Además debe comprometerse a darle un heredero antes de que él cumpla los veintiún años, fecha en el que tomara total y completa posesión del manejo de toda la fortuna familiar. Y de no hacerlo será desconocida como consorte legítima sin ningún derecho legal o de retribución económica ¿entiende? Ah…y la firma tiene que hacerse delante de toda la familia y publicarse por todos los medios de comunicación posible para que la comunidad mágica completa se entere. -Con cada palabra la sonrisa del rubio se iba haciendo cada vez mas grande mientras que la cara de George se hacia cada vez mas roja.
- ¡JAMAS, ESCUCHO, JAMAS PERMITIRE QUE SOMETAN A MI HIJA A TAL HUMILLACION!
- ¿Pues no veo entonces como realizaran el matrimonio? – ¡SIIII! ¡Por todos sus ancestros mágicos, un punto a su favor! Lucius se sentía eufórico, saboreando su triunfo cada vez más cercano- Si no es en estos términos, no podrá realizarse por las leyes mágicas.
- VALLA ESTUPIDEZ – George estaba cada vez mas furioso y la creciente sonrisa de Lucius no ayudaba mucho para tratar de calmarse- PUES QUE NO SE CASEN POR SUS "LEYES", ELLA ES… ¿COMO JODIDOS NOS DICEN…? MUGGLME, MUGDE, O COMO SE DIGA, PUES BIEN QUE SE CASEN POR NUESTRAS LEYES Y SAN SE ACABO.
- ¡POR SUPUESTO! –Enfatizo Draco – YO TAMPOCO LO PERMITIRÉ….
- Lo siento Draco – Narcisa se puso en pie y se dirigió a su hijo para tratar de calmarlo- pero en eso no podemos ayudarte, si quieres hacer las cosa bien, si quieres que ella y tus futuros hijos lleven tu apellido tendrá que hacerlo, por que de lo contrario solo será considerada tu concubina y tus hijos serán considerados ilegítimos.
- ME IMPORTA UN PITO ¿ENTIENDEN? JAMAS PERMITIRE EXPONERLA A….
- Lo haré…
- ¡¿Cómo?!...- los tres hombres enfrascados en su disputa ideológica no se habían tomado la molestia de preguntarle a la protagonista de dicha humillación.
- Que lo haré...- Draco se encontraba sorprendido, no era posible que ella accediera a dicha barbarie, solo por que sus antepasados habían establecido semejante estupidez. En definitiva él no estaba dispuesto a ventilar de ese modo la intimidad de la mujer que amaba.

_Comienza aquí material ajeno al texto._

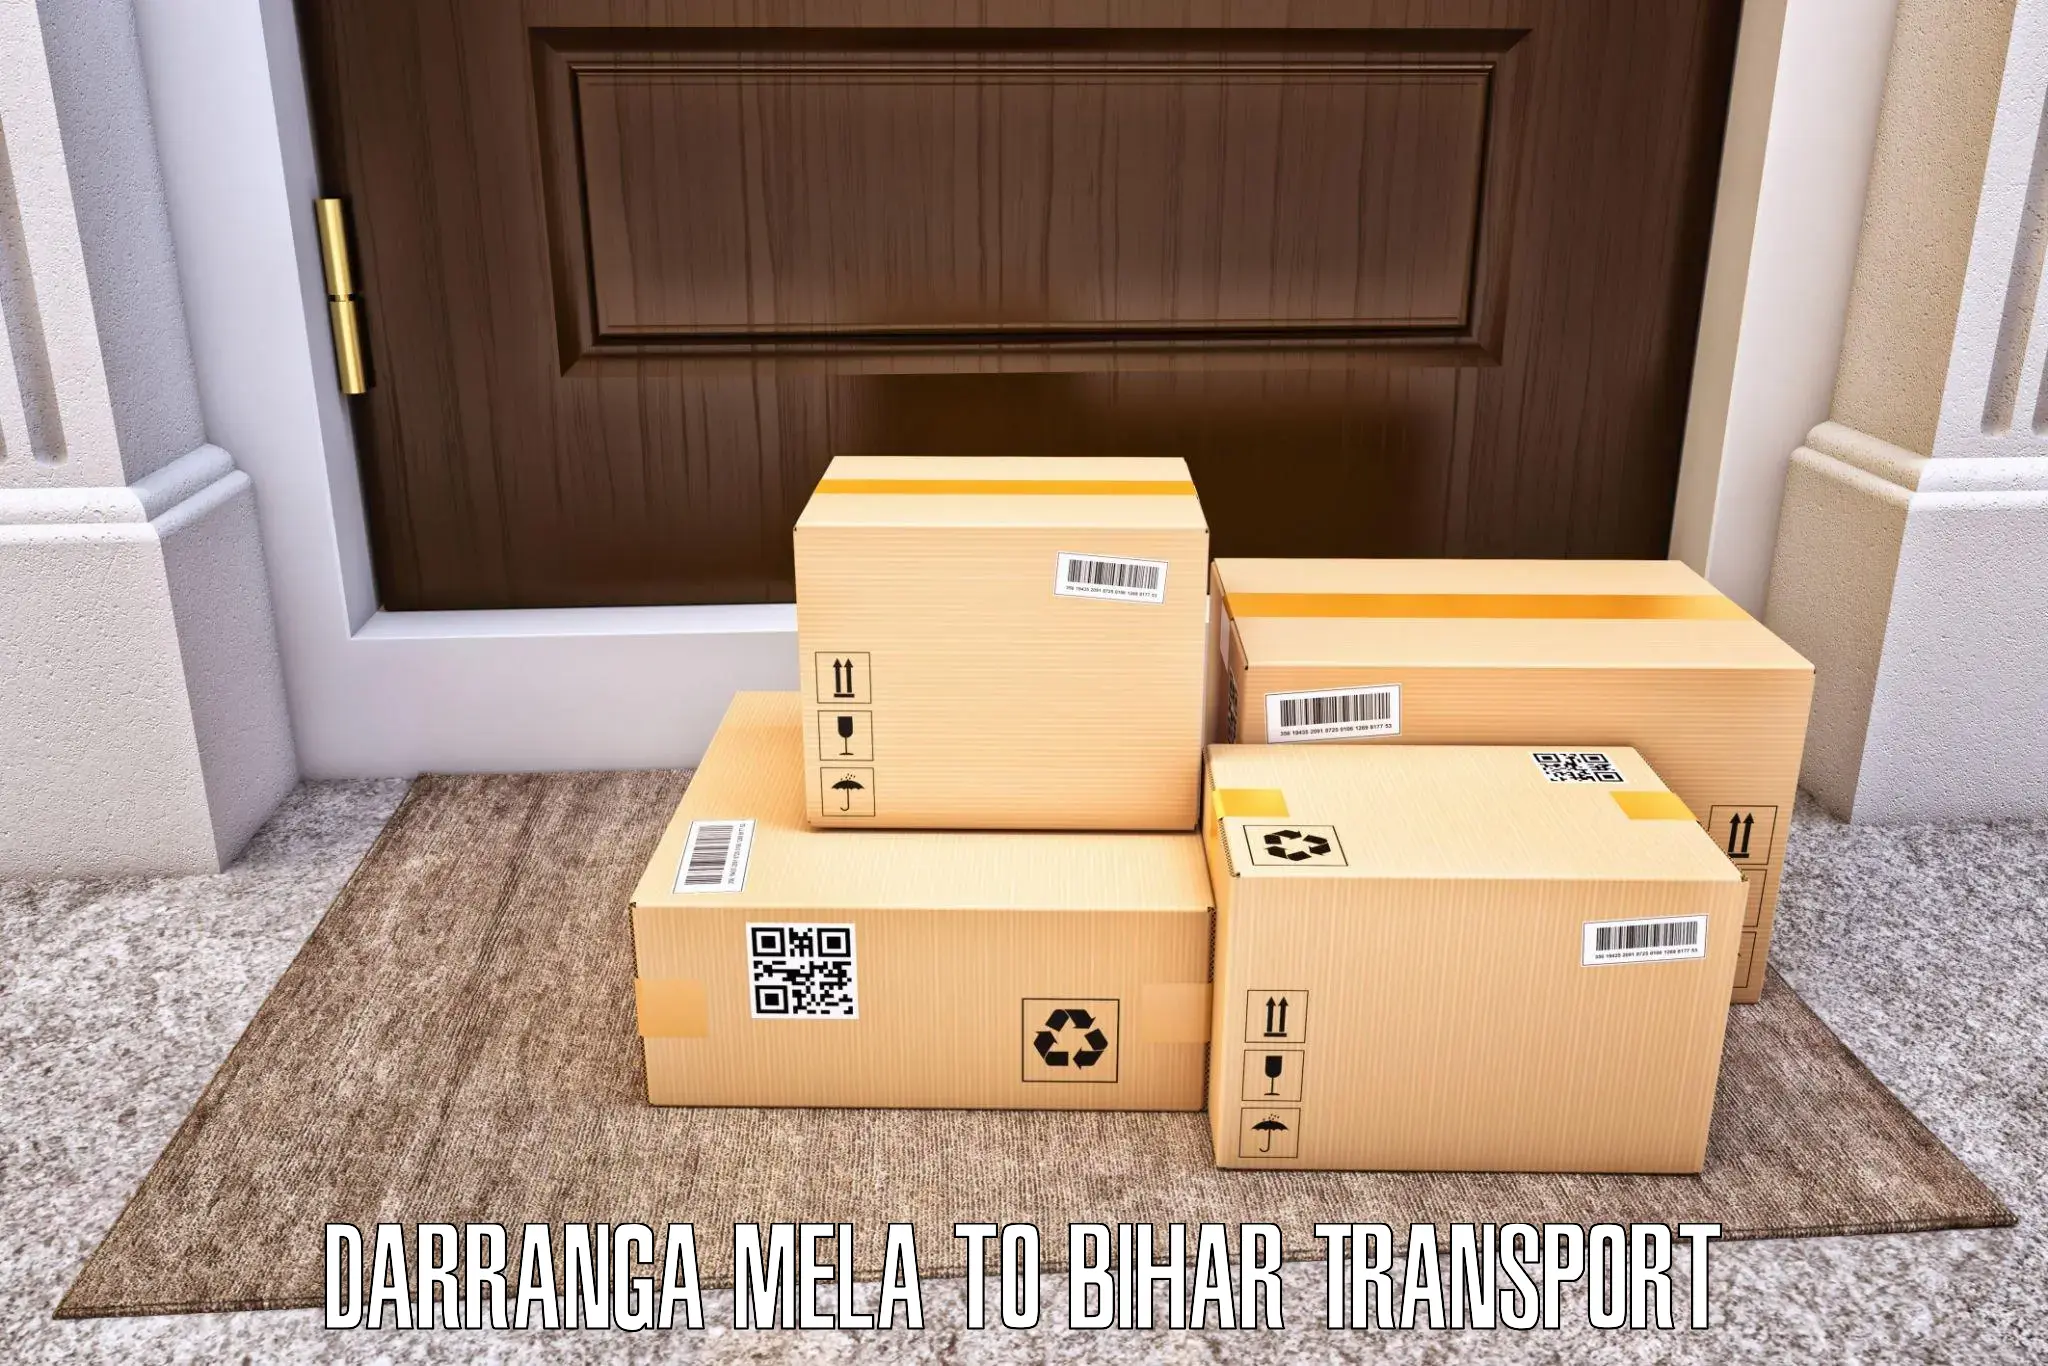 Air cargo transport services in Darranga Mela to Danapur
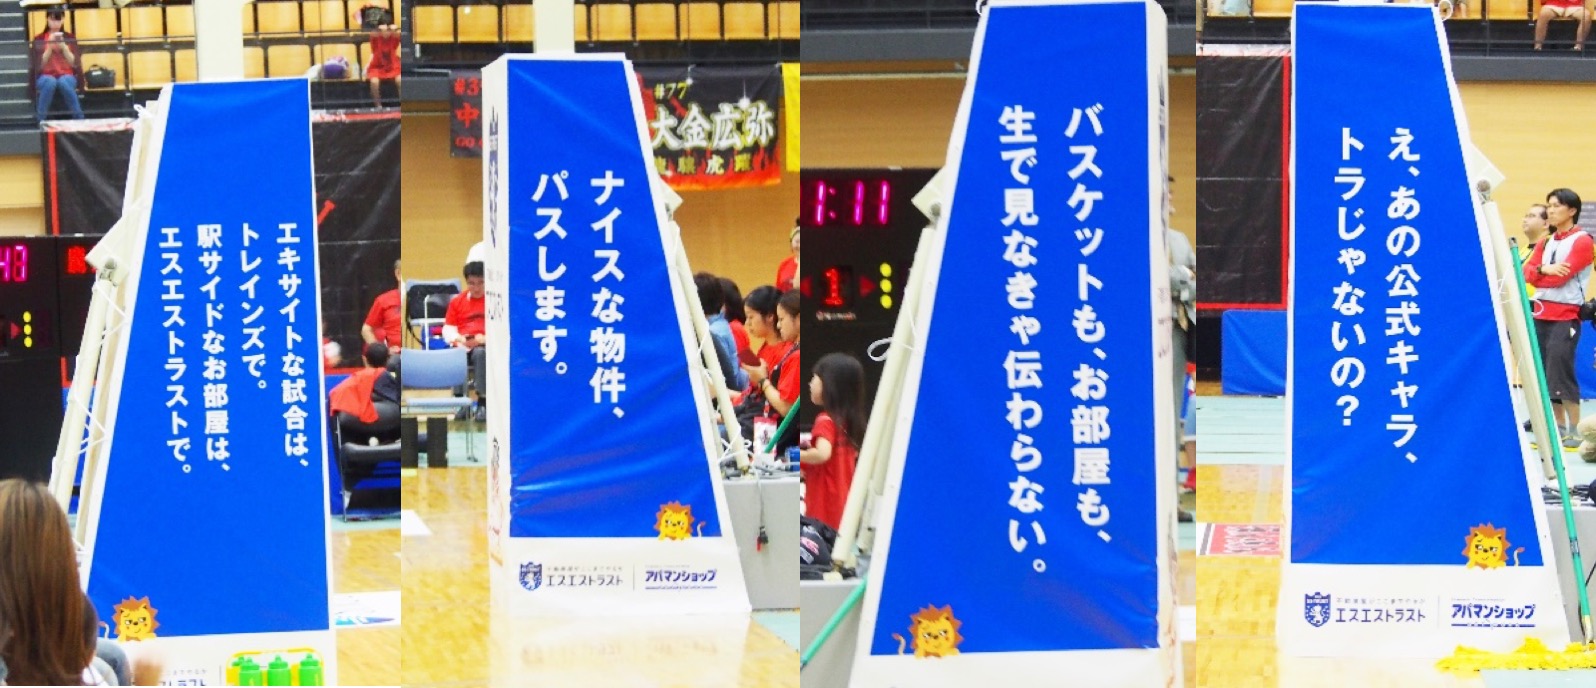 東京八王子ビートレインズバスケットゴールカバー

- Cosa… no tienes que hacerlo…
- Tienes razón amor…. NO TENGO que hacerlo…. pero QUIERO hacerlo de igual forma.- Hermione se dirigió a su prometido y tomándolo de las manos clavo su decidida mirada en los perturbados ojos grises que tanto amaba- No tengo ninguna duda, ¿me entiendes? Yo se que tu familia guarda muchas tradiciones que han perdurado por siglos y que no se van a cambiar así nada mas de la noche a la mañana. Yo también estoy convencida que eres tu el hombre con el que quiero pasar el resto de mi vida, que seas mi compañero, mi amigo, mi amante. Quiero que seas lo primero que vea al despertar y que seas lo último que vea antes de dormir. Me haz demostrado de mil formas lo importante que soy para ti y si para demostrar que tu lo eres también para mi tengo que firmar ese papel…Lo haré…sin dudas – Ahora era Draco el que sentía un nudo estrangularlo en la garganta amenazando con terminar en un vergonzoso llanto.
- Linda…no…- George no podía creer que su hija hubiera dicho lo que perfectamente escucho.
- Ya la escuchaste George.- Sentencio su esposa- Hermione ya tomo SU decisión y Su decisión es quedarse con este joven te guste….LES GUSTE- enfatizo mirando directamente a Lucius Malfoy – O NO. - Lucius Malfoy se encontraba en estado de shock ¿como era posible que esa chiquilla aceptara tremenda cosa? Ni siquiera Narcisa lo había aceptado… su madre la había tenido que hechizar para que se sometiera al examen.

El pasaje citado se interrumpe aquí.